Simply owning a domain name does nothing more than give you, and nobody else, the right to use it. If you wish to do more than just hold the name for your grandchildren, you have to find an Internet Service Provider (ISP) to host it.

This involves paying someone to provide disc space for a web site and/or for E-mail boxes on his computer that is connected to the Internet. There are thousands of such companies, but not all will host your private domain. Some will do so, but charge an exorbitant fee. We had bad luck with a few, but have been settled with Videotron.ca for some time. We pay only about five dollars per month to have our domain supported for E-mail.

Support for a web site varies from free to about $25 per month for a 5-Mb site (say up to 30 pages). Contrary to popular belief, it is NOT necessary to have a web site to have E-mail on your own domain name.

Once you have web space, it is fairly easy to build and post a simple web site using Microsoft Front Page or Adobe GoLive.
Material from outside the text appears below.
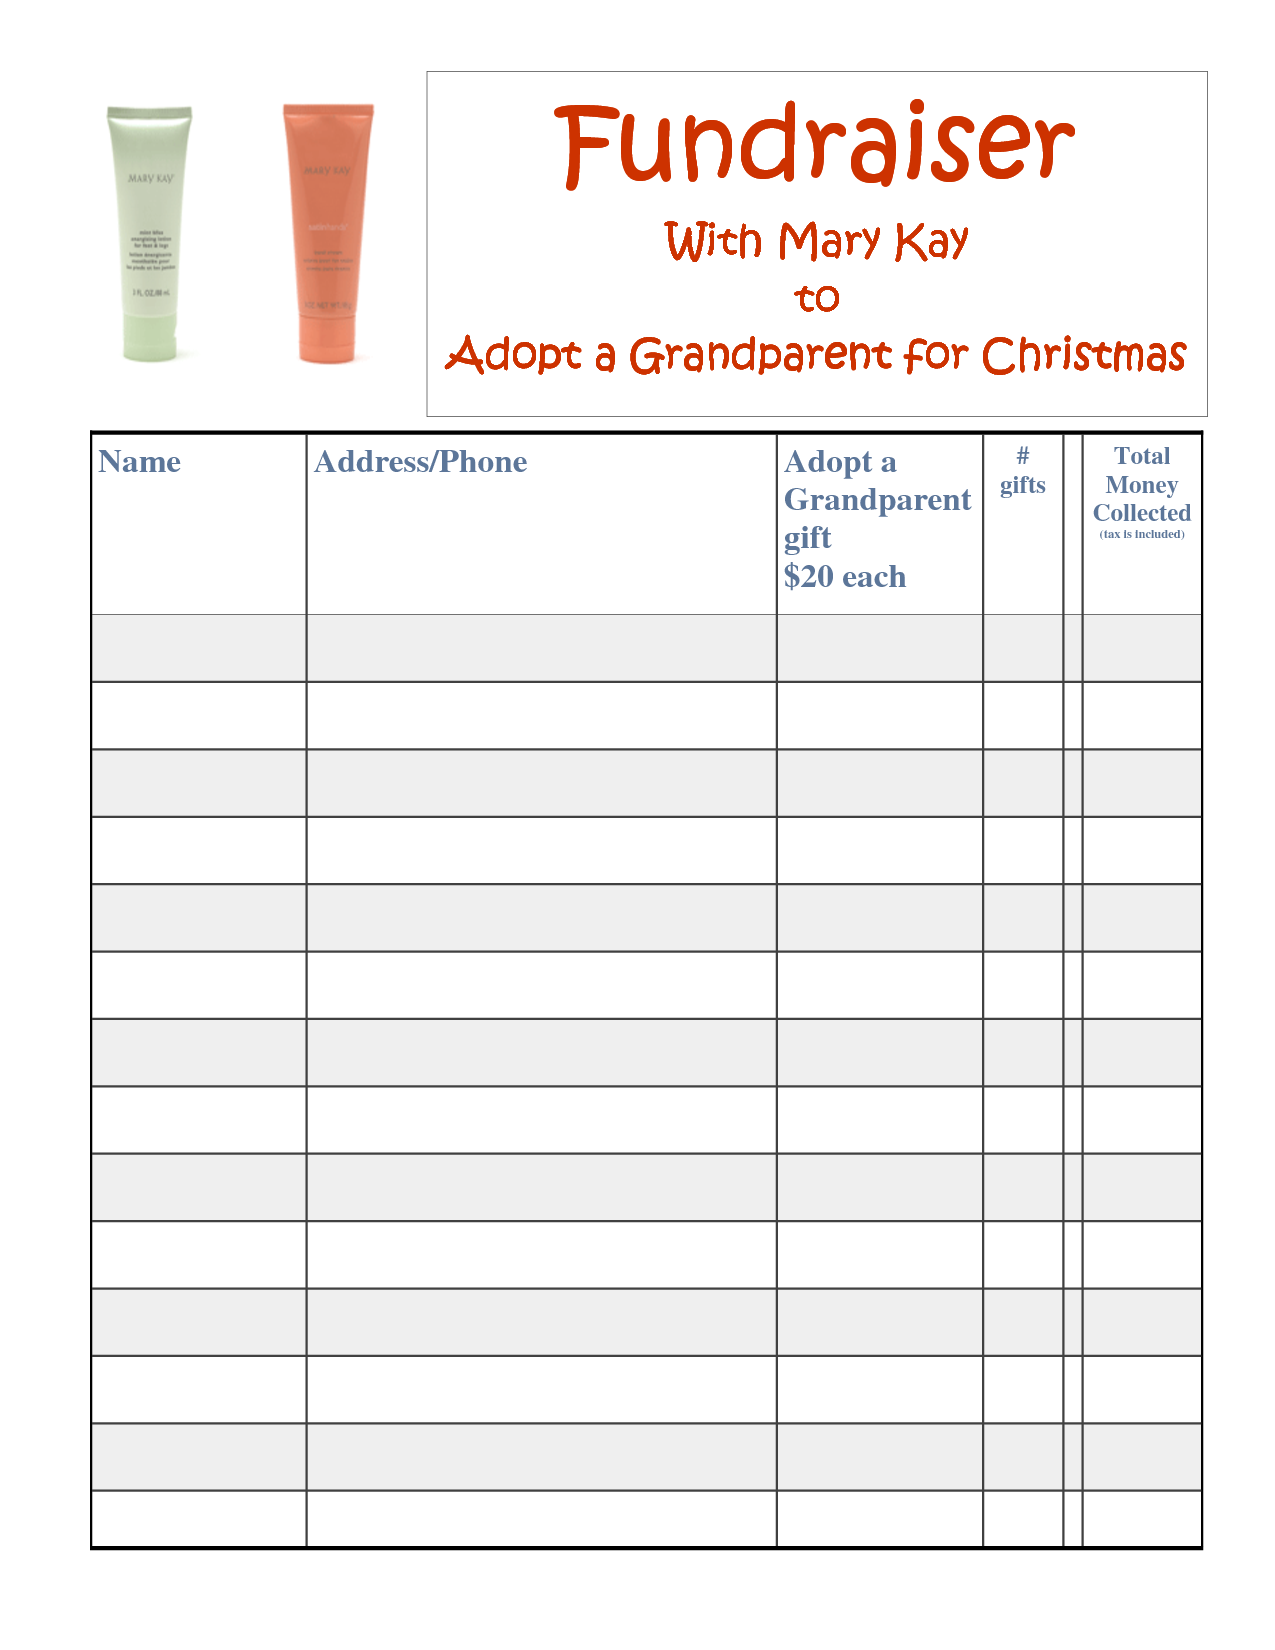 Fundraiser sheets templates asafonec sciox Choice Image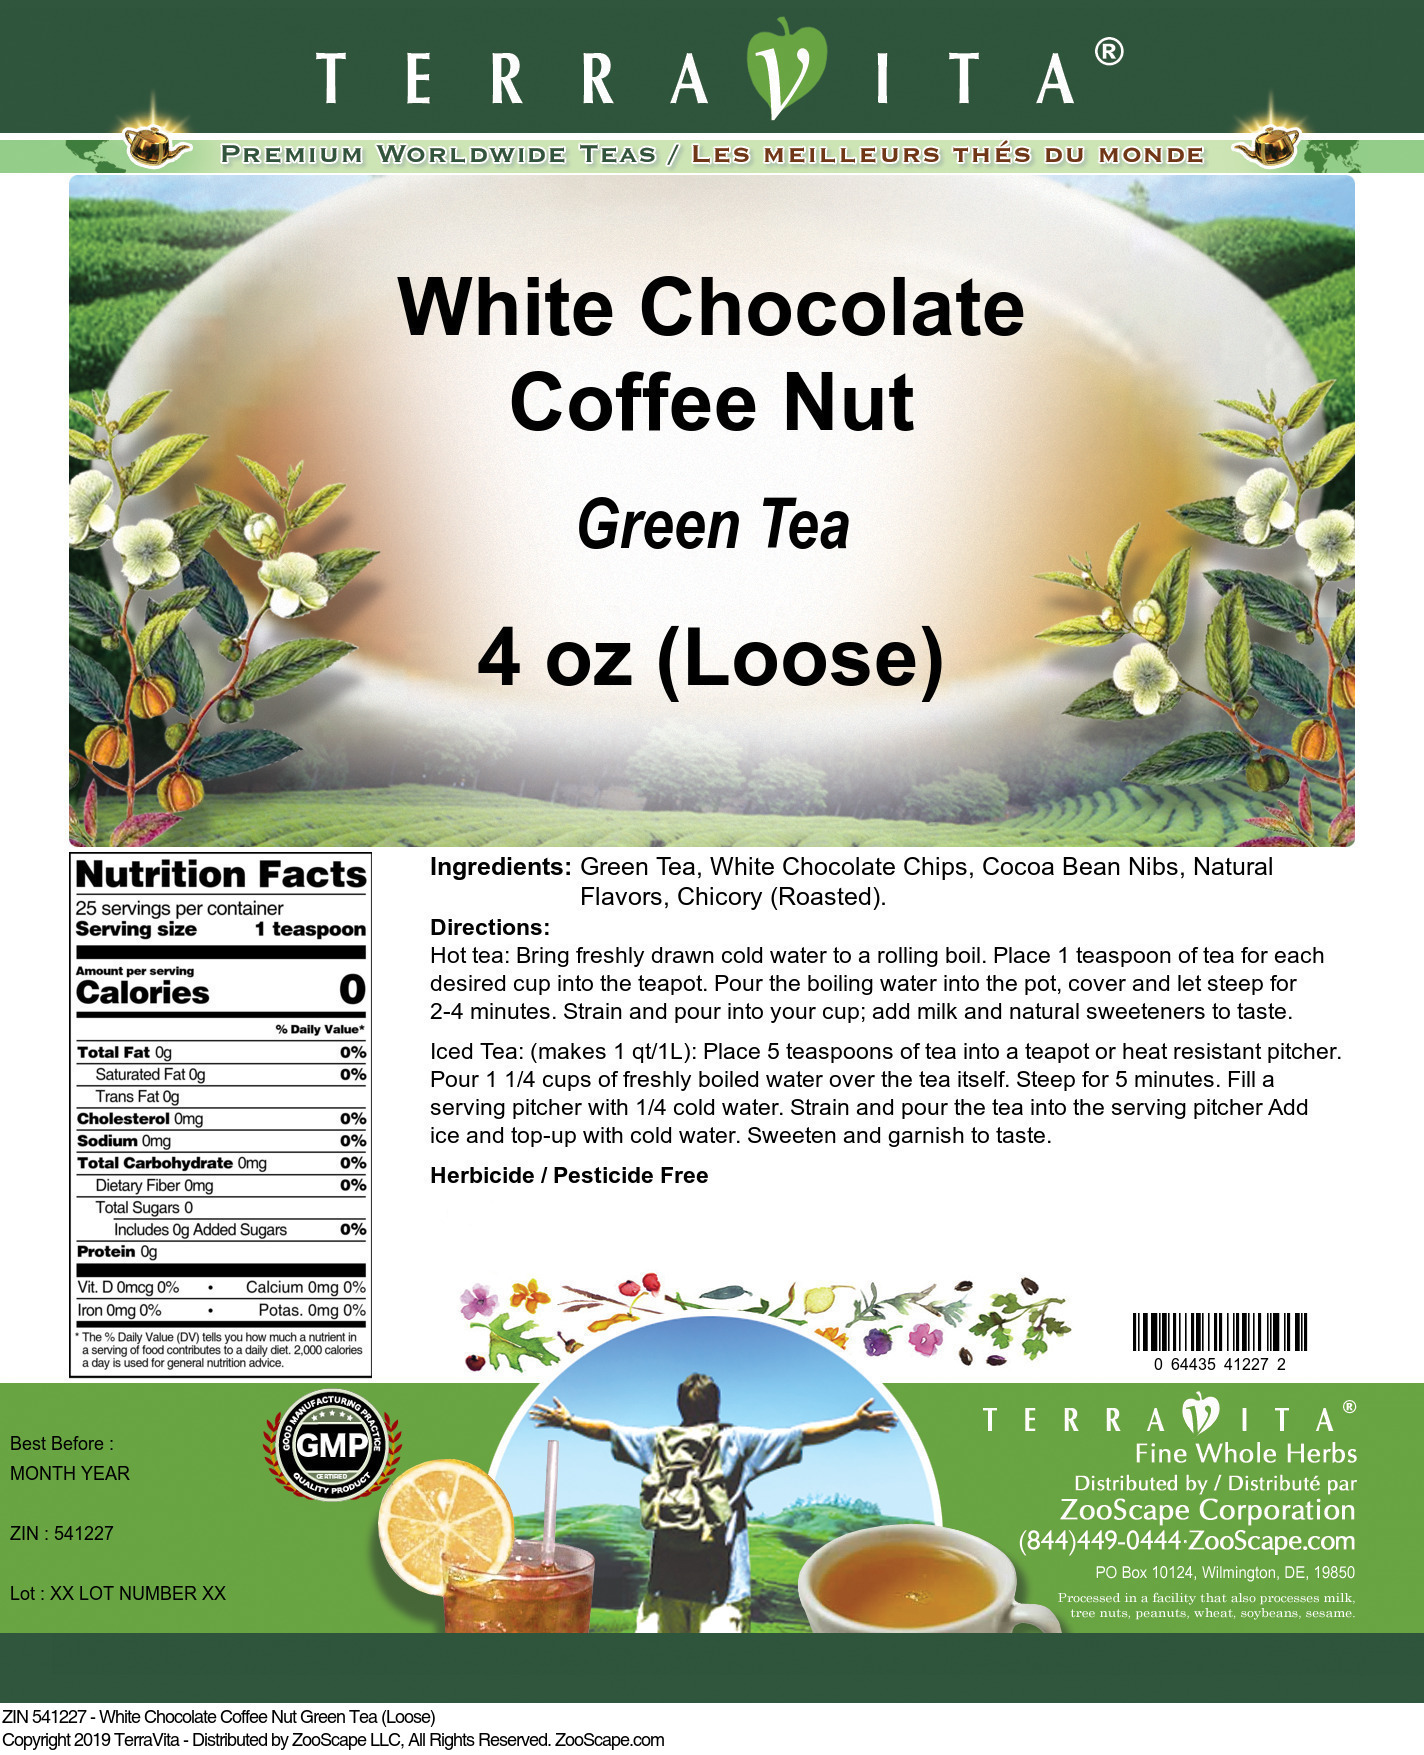 White Chocolate Coffee Nut Green Tea (Loose)

When selecting a service provider, check that it fully supports the software you wish to use. Everyone supports good old HTML, but it is horribly time-consuming to code a site in HTML, neither is it necessary today, unless you have quite exotic needs.

When choosing an ISP for small business, personal use or for a small association, the best approach is to look on the Internet and ask friends for recommendations. The ISP business is far from mature, so you are quite likely to change after some months or a few years; it is fairly easy to do so. Our first ISP fled the country with large debts. The next one closed down in the great Quebec ice storm in 1998 and never reopened; the third was deadly slow and the fourth uncooperative; the fifth (Videotron) gives us good service.

It is not necessary to mount your web site and/or E-mail boxes on the on your ISP’s system. You can have one company host your domain and use another for dial up, ISDN, DSL or other physical access to the Internet.

For a large web site, or extensive E-mail system, an expert should study all needs and issues carefully before selecting an ISP or a web-hosting service. Of course, you can provide your own, but this is uneconomic for all except perhaps the largest systems. P&PC

1 The “domain name” is usually the same as the part of an E-mail address after the “@” sign, or after www in a web address. The name is actually just an easy way for humans to remember Internet Protocol (IP) addresses, which look like “345.263.456.982”. Although we all use multi-digit phone numbers, the gurus behind the Internet considered that would be too much trouble, so they developed the much friendlier domain name, and let the computer take care of translating what we type, or click upon, into an IP address.